Em 2004, por ocasião dos 1250 anos do martírio de S. Bonifácio, Apóstolo da Alemanha, o Cardeal Karl Lehmann, Arcebispo de Mogúncia (Mainz), dirigiu à sua Diocese uma Carta Pastoral, intitulada Testemunho missionário, em que se lê:

 

«Tornámo-nos um mundo velho. Deixámo-nos vencer pelo cansaço (…). É necessário um radical revigoramento missionário da nossa Igreja. Não se trata apenas de reformar as estruturas. É preciso começar por cada um de nós. Se não estivermos entusiasmados pela profundidade e pela beleza da nossa fé, não podemos verdadeiramente transmiti-la nem aos vizinhos nem aos filhos nem às gerações futuras. (…) É necessário também ganhar outras pessoas para a nossa fé cristã e arrastar os cristãos que cederam ao cansaço ou que até abandonaram a Igreja (…).

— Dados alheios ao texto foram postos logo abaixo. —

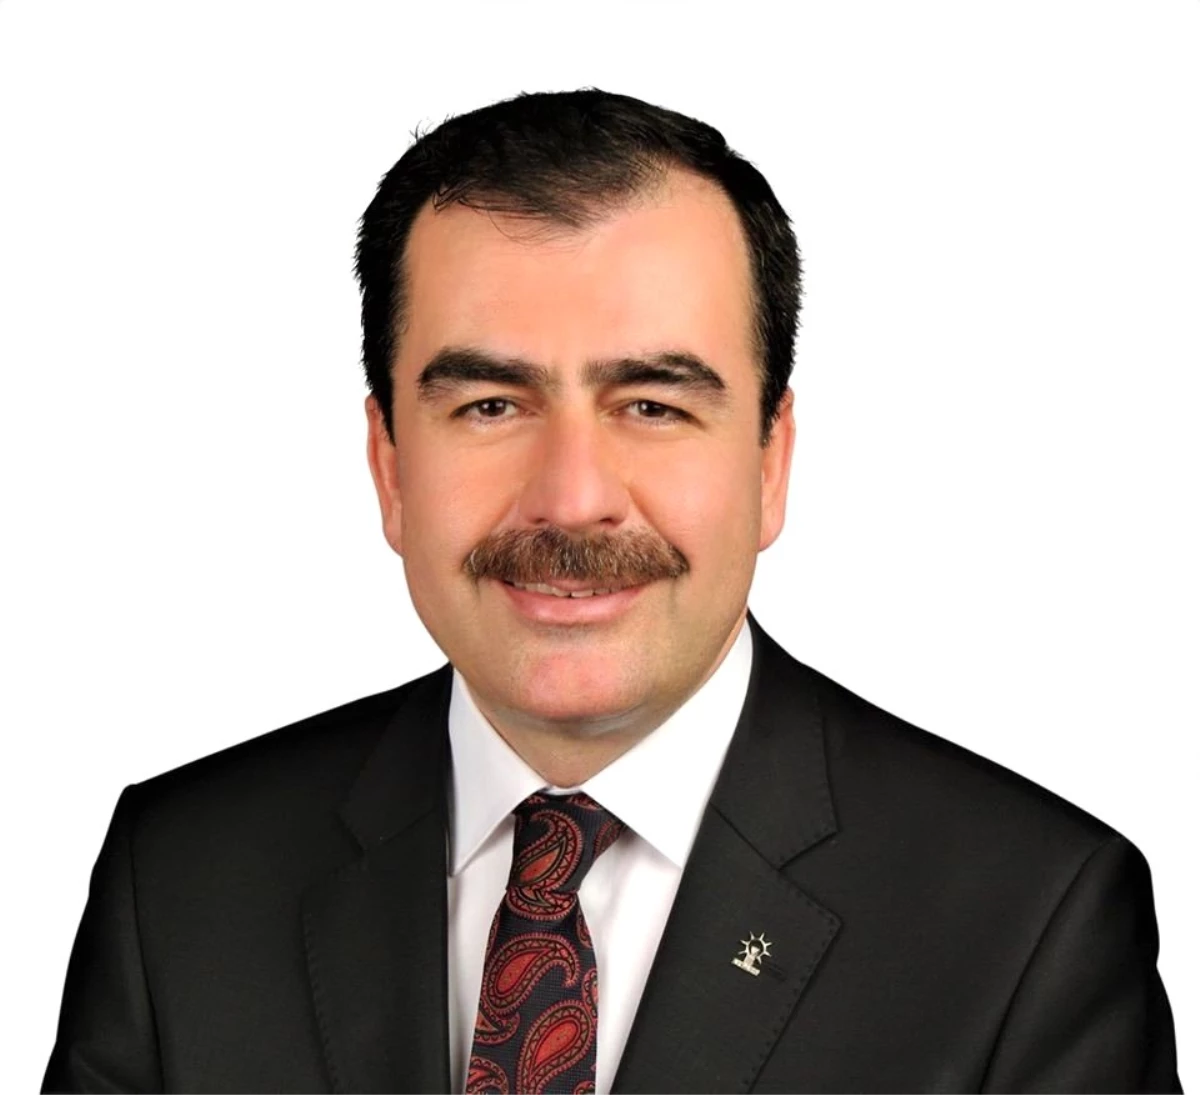 AK Partili Erdem; "Türkiye 19 yılda çok gelişti ve büyüdü"

Devemos difundir verdadeiramente o Evangelho de casa em casa, de coração a coração»[1].

 

Nesta Carta Pastoral, o Cardeal Lehmann traça um quadro realista de uma Igreja que parece envelhecida e cansada, mas aponta também, com mestria e clarividência, as coordenadas que devem moldar o rumo do futuro: não basta reformar por fora estruturas e edifícios; é preciso reformar por dentro, mudar o coração, acendê-lo com a luz nova de Cristo e do seu Evangelho.

A Exortação Apostólica Evangelii Nuntiandi, n.º 46 (Paulo VI, 8 de Dezembro de 1975), depois de falar da importância da pregação feita para todos, refere logo também a validade e a importância da transmissão «de pessoa para pessoa». E a Nota Pastoral da CEI, significativamente intitulada O rosto missionário das paróquias num mundo em mudança (n. 6)[2], acentua que «para a evangelização é essencial a comunicação de crente para crente, de pessoa a pessoa», aspecto que volta a ser salientado na recente Nota doutrinal sobre alguns aspectos da evangelização, n.º 11, da Congregação para a Doutrina da Fé, de 3 de Dezembro de 2007[3].

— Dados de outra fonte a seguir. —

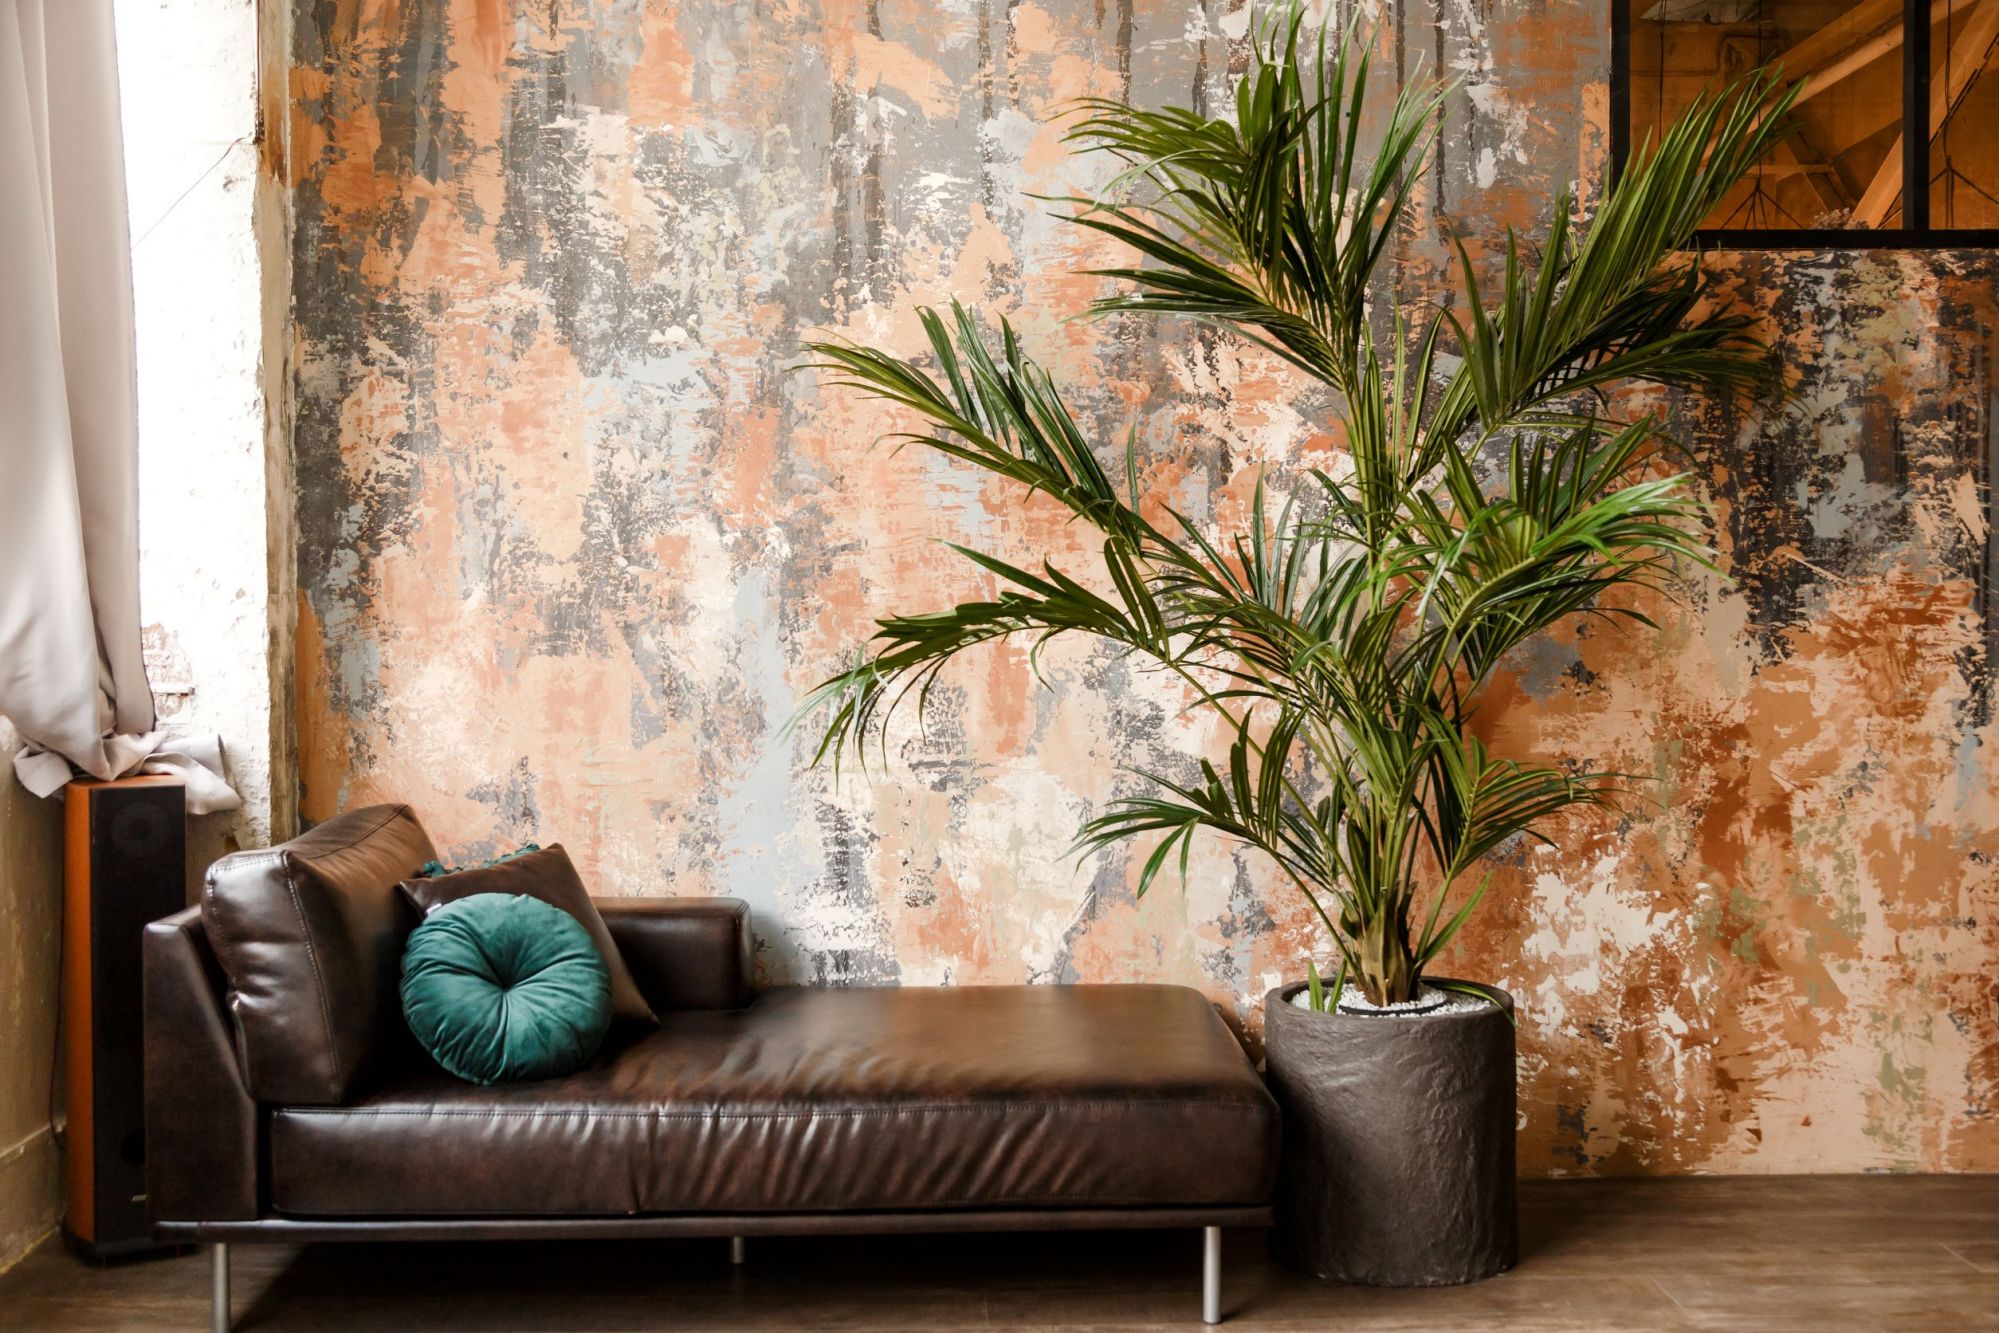 Palma pokojowa na tle kontrastującej kolorystycznie ściany w odcieniach brązu i rudości

No mesmo sentido, na cerimónia de encerramento do Congresso Internacional realizado em Roma, de 09 a 11 de Março de 2006, para celebrar e reflectir sobre o Decreto Conciliar Ad Gentes, no quadragésimo ano da sua promulgação (07 de Dezembro de 1965), referiu o Papa Bento XVI, entre outras coisas, que:

 

«Não são, de facto, somente os povos não-cristãos e as terras distantes, mas também os âmbitos sócio-culturais, e, principalmente os corações, os verdadeiros destinatários da actividade missionária do Povo de Deus».

 

E, nas palavras proferidas antes da Oração do Angelus do 80.º Dia Missionário Mundial (22.10.2006), Bento XVI acentuou esta dinâmica, afirmando agora que «A missão parte do coração».

 

Identidade, intimidade e íntimo dizer de um Deus que nos ama: «Por isso, vou falar-lhe ao coração» (Os 2,16), e nos programa: «Falai ao coração de Jerusalém!» (Is 40,2). Leia o resto deste artigo »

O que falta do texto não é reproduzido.